После короткого объяснение, ехать ли вместе с ними мистрис Теливер к сестре Глег, мистрис Пулет – заметила, что пора подавать чай, и вынула из ящика тонкую камчатную салфетку, которую она пришпилила наподобие фартука. Дверь отворилась, но вместо подноса с чаем, Сали представила такой поразительный предмет, что мистрис Пулет и мистрис Теливер вздохнули, а дядя Пулет проглотил лепешечку – явление необыкновенное, случившееся с ним ровно пятый раз в жизни, как он – заметил после.

ГЛАВА X
Магги ведет себя хуже, нежели ожидали

Поразительный предмет, который сделал таким образом эпоху в жизни дяди Пулет, был маленькая Люси; целая сторона ее от тульи шляпки и до башмачка была выпачкана навозом и с жалобным личиком она протягивала свои почерневшие ручонки. Чтоб объяснить такое беспримерное явление в гостиной тетки Пулет, мы должны обратиться к той минуте, когда дети отправились играть в сад и маленькие демоны, овладевшие душою Магги с раннего утра, снова утвердились в ней с большою силою после временного отсутствия. Все неприятные воспоминание утра поднялись перед нею. Когда Том, которого неудовольствие еще было оживлено ее последнею неловкостью, сказал: «Люси, пойдемте со мною», и пошел к подвалу, где были жабы – как будто Магги и не существовала на свете. Видя это, Магги отстала в отдалении и смотрела, как маленькая медуза с обстриженными змееми. Естественно для Люси очень приятно, что ее двоюродный брат был так ласков с нею; и так забавно было смотреть, как он щекотал веревкою жирную жабу, надежно-заключенную под железною решеткою. Но Люси хотелось, чтоб и Магги наслаждалась этим зрелищем; она наверное приискала бы имя для жабы и рассказала бы ее прошедшую историю. Люси всегда находила большое наслаждение в рассказах Магги о предметах, которые им встречались, как, например, госпожа волосатик мылась у себя дома и ее дети упали в горячий котел и она побежала за доктором. Том чувствовал глубокое презрение к подобному вздору и разом придавливал волосатика, как доказательство, хотя излишнее, совершенного неправдоподобия такой истории; но Люси все-таки воображала, что в ней была крошка правды, или думала, по крайней мере, что это была милая выдумка.

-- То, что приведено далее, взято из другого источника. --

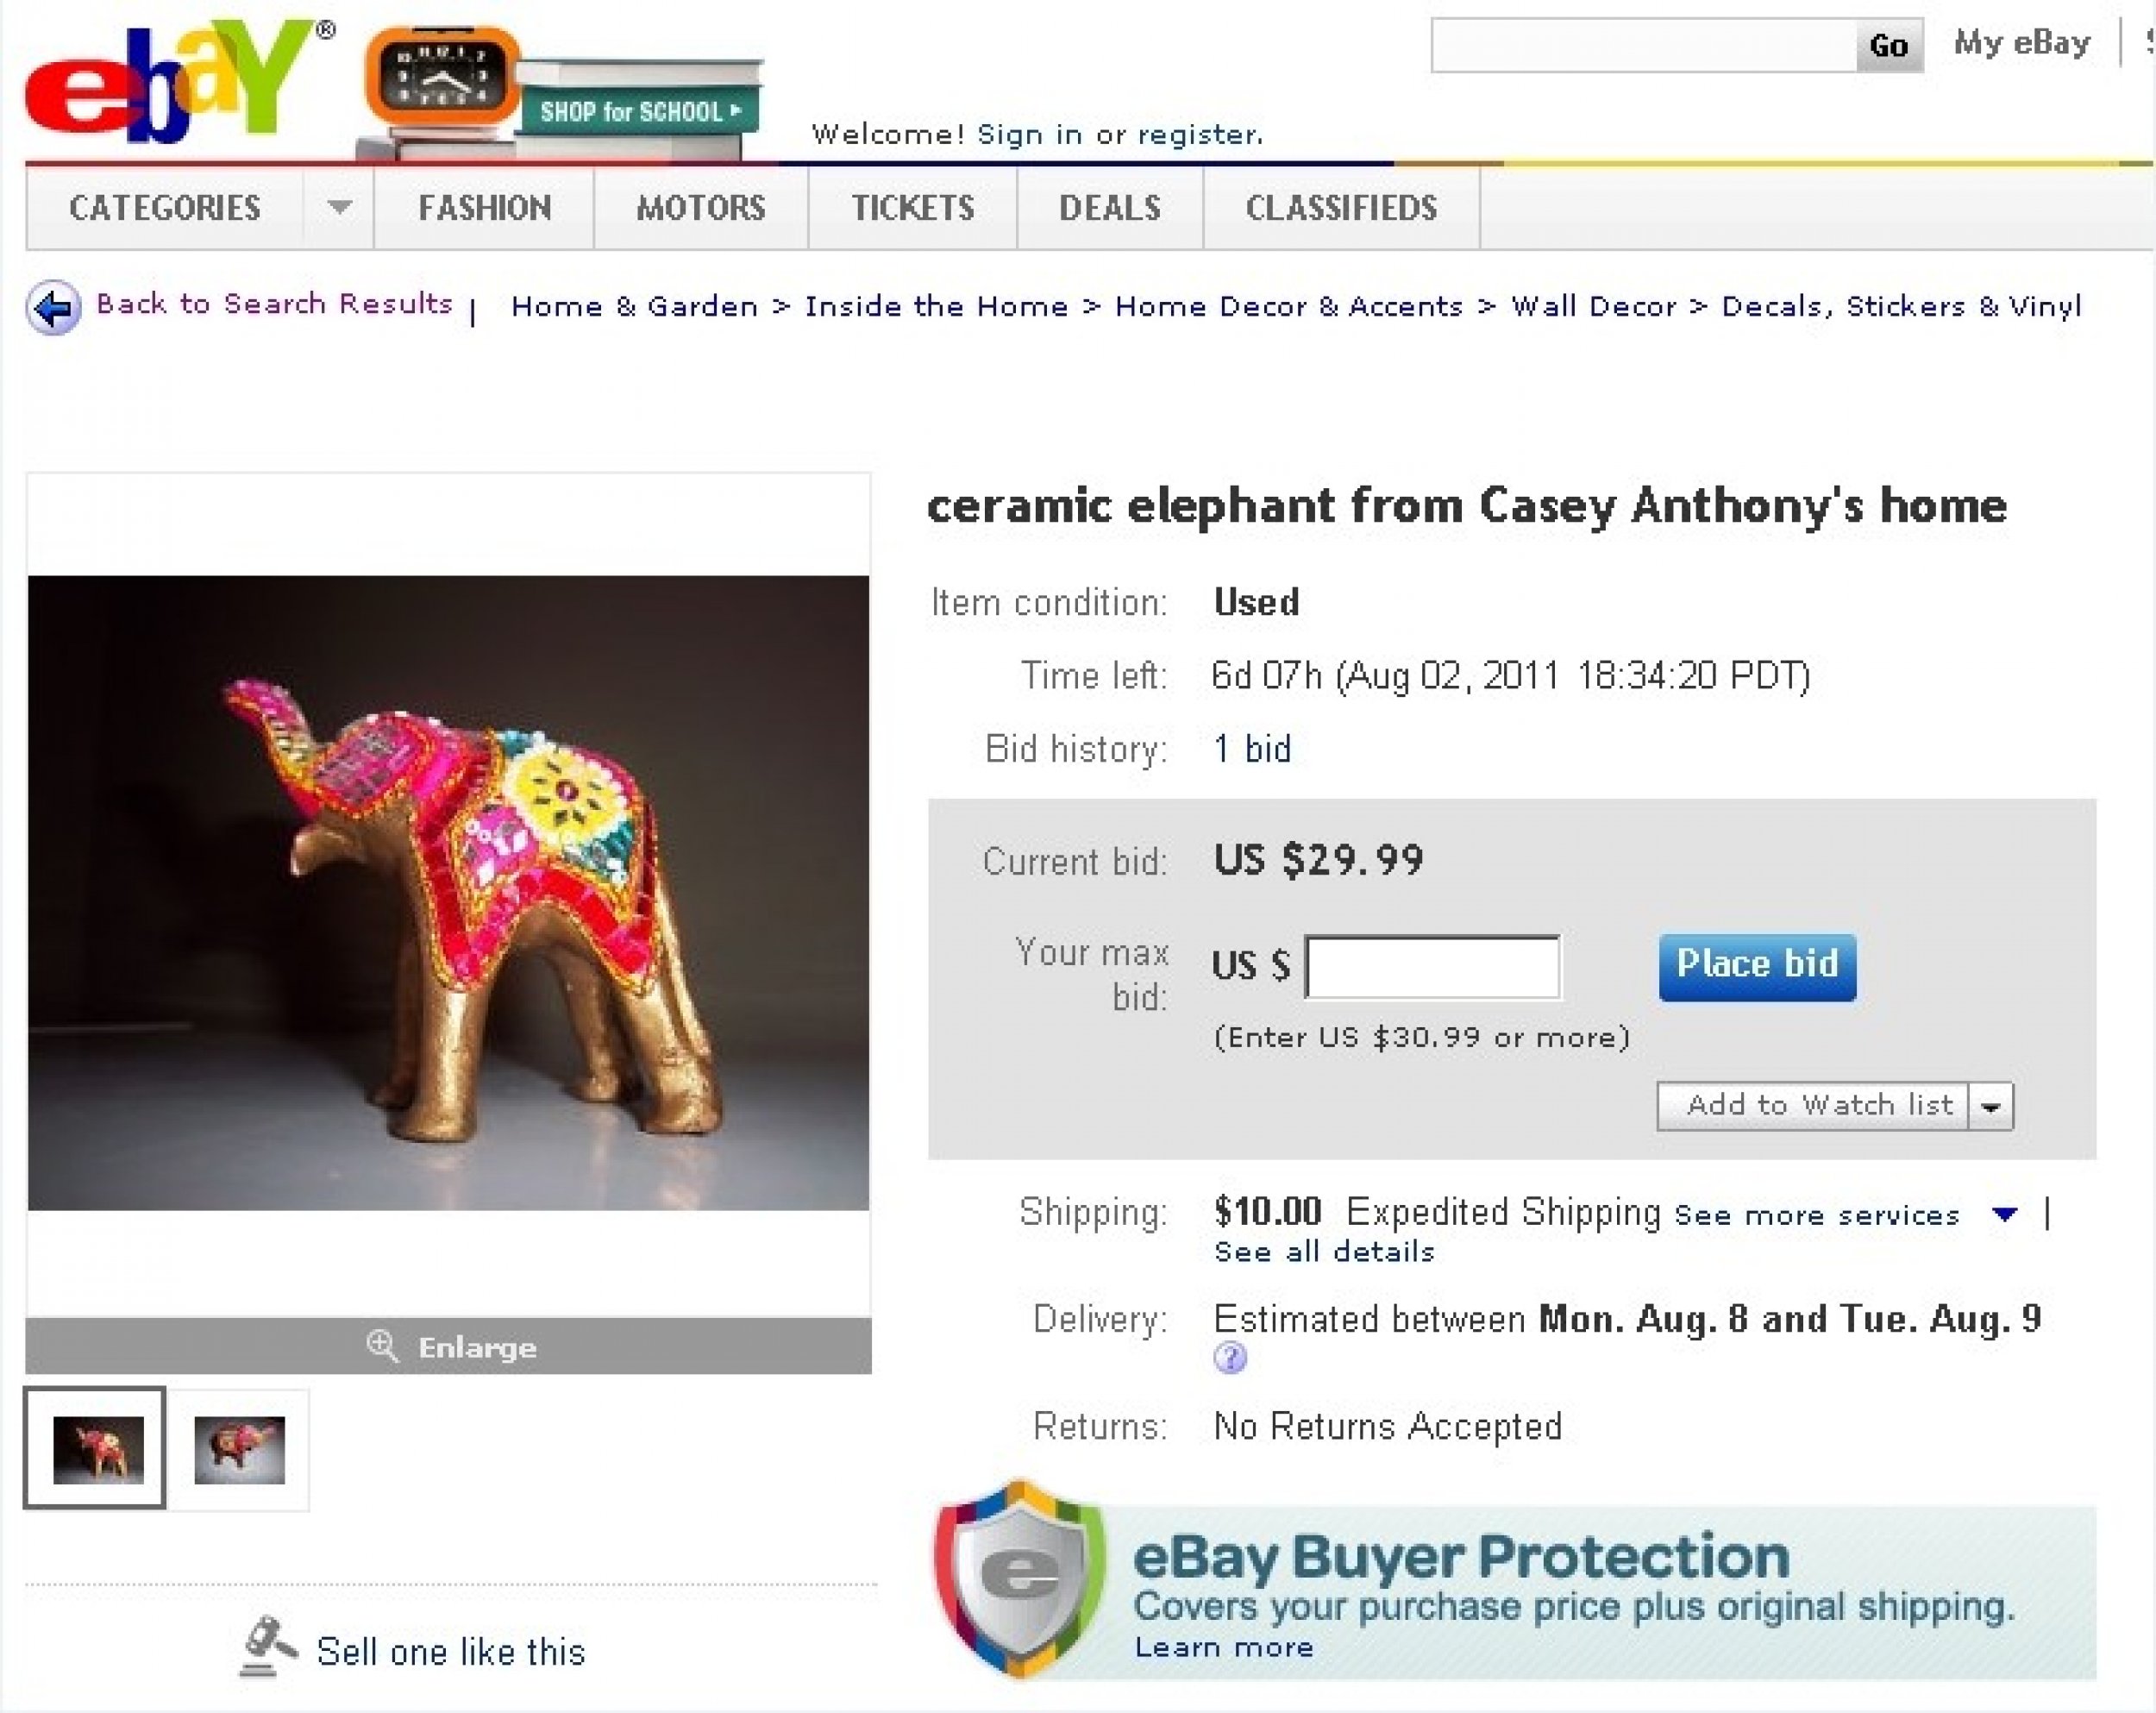 Ceramic elephant from Casey Anthonys home

Теперь желание узнать историю этой тучной жабы увеличило ее обыкновенную ласковость и она подбежала к Магги, говоря:

– Ах, Магги, какая там толстая, смешная лягушка! Поди, посмотри.

Магги ничего не ответила, только отвернулась, еще мрачнее наморщив брови. Пока Том предпочитал ей Люси, Люси была также для нее предметом неудовольствия. Короткое время назад Магги и на мысль бы не пришло, что она когда-нибудь могла рассердиться на хорошенькую Люси, как никогда не подумала бы она мучить белого мышонка; но Том прежде всего был совершенно-равнодушен к Люси, предоставляя Магги тешить и забавлять ее. Теперь же она действительно начинала думать, как бы ей было приятно ущипнуть, ударить Люси, короче, заставить ее плакать. Это могло бы раздосадовать Тома, на которого ее удары не подействовали бы. Магги была уверена, что они скорее бы помирились, если б здесь не было Люси.